Posted on:1985-01-02Degree:Ph.DType:Dissertation
University:University of RochesterCandidate:WU, TSONG-MINFull Text:PDF
GTID:1479390017461707Subject:Economic theory
Abstract/Summary:
This dissertation research studies two related questions concerning dynamically optimal fiscal policies: the structure of optimal taxation over time and the potential time inconsistency of such taxation. Chapter One is concerned with the optimal pattern of taxation over time, given that the government must raise revenue to finance a specified time path of government expenditures. In a simple economy without capital, we first derive a general formula of optimal taxation and then give an intuitive interpretation.
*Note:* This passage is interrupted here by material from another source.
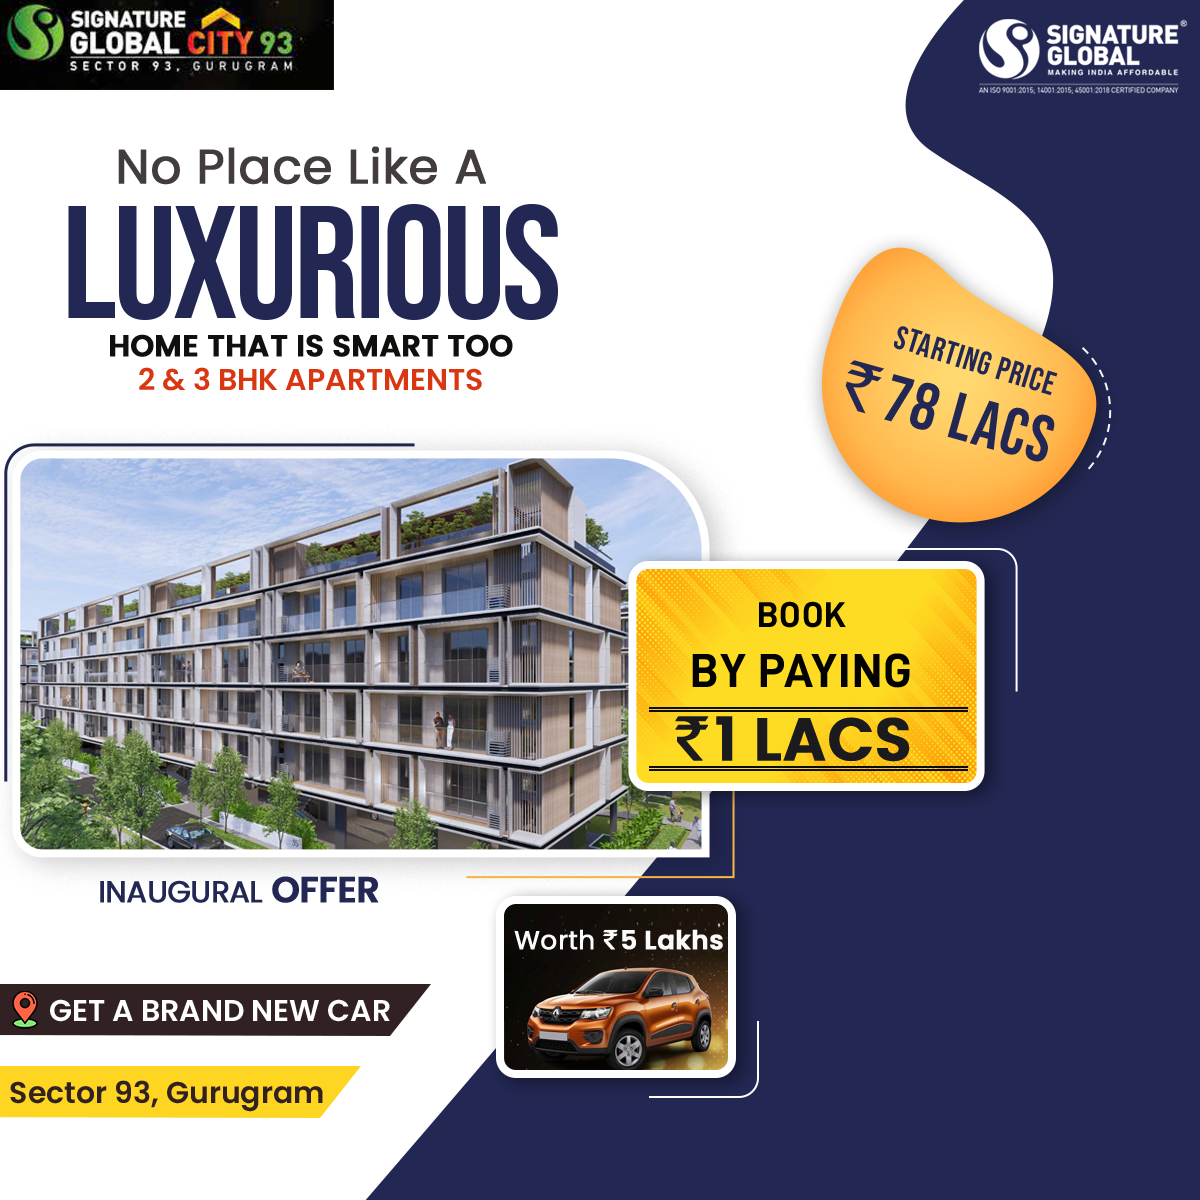 Book by paying Rs 1 Lac at Signature Global City 93, Gurgaon Update

In contrast with some previous studies, e.g., Barro (JPE, 1979), it turns out that the optimal taxation structure depends, among other things, on individuals' preferences and productivities. Only under some special conditions does optimal taxation have a uniform structure over time. It is, however, typically desirable for the government to smooth tax rates by issuing public debt.;Chapter three is an exploratory study of the public debt in the U.S. from 1916 to 1982. First, a brief history of the U.S. public debt management is provided. Second, a time series data of the average maturity of marketable interest-bearing debt is constructed. Finally, the behavior of this average maturity series is analyzed and compared with the predictions of the theoretical analyses in the first two chapters.;Lucas and Stokey (JME, 1983) show that optimal taxation policy is time inconsistent in general. However, they demonstrate that with a rich enough menu of assets, a particular debt structure will make optimal policy time consistent. Chapter two provides an economic explanation of these results. First, we know that optimal taxation formulae take into account the government's ability to influence market prices of assets. Second, in the absence of precommitment, time inconsistency occurs because the government can lower the present value of its expenditures and thus reduce the distortion from taxation by choosing to postpone taxation. Third, this approach indicates that a time inconsistent policy inflicts capital losses. Finally, a particular structure of public debt can lead the government to 'internalize' such potential capital losses and, hence, yields a time consistent policy.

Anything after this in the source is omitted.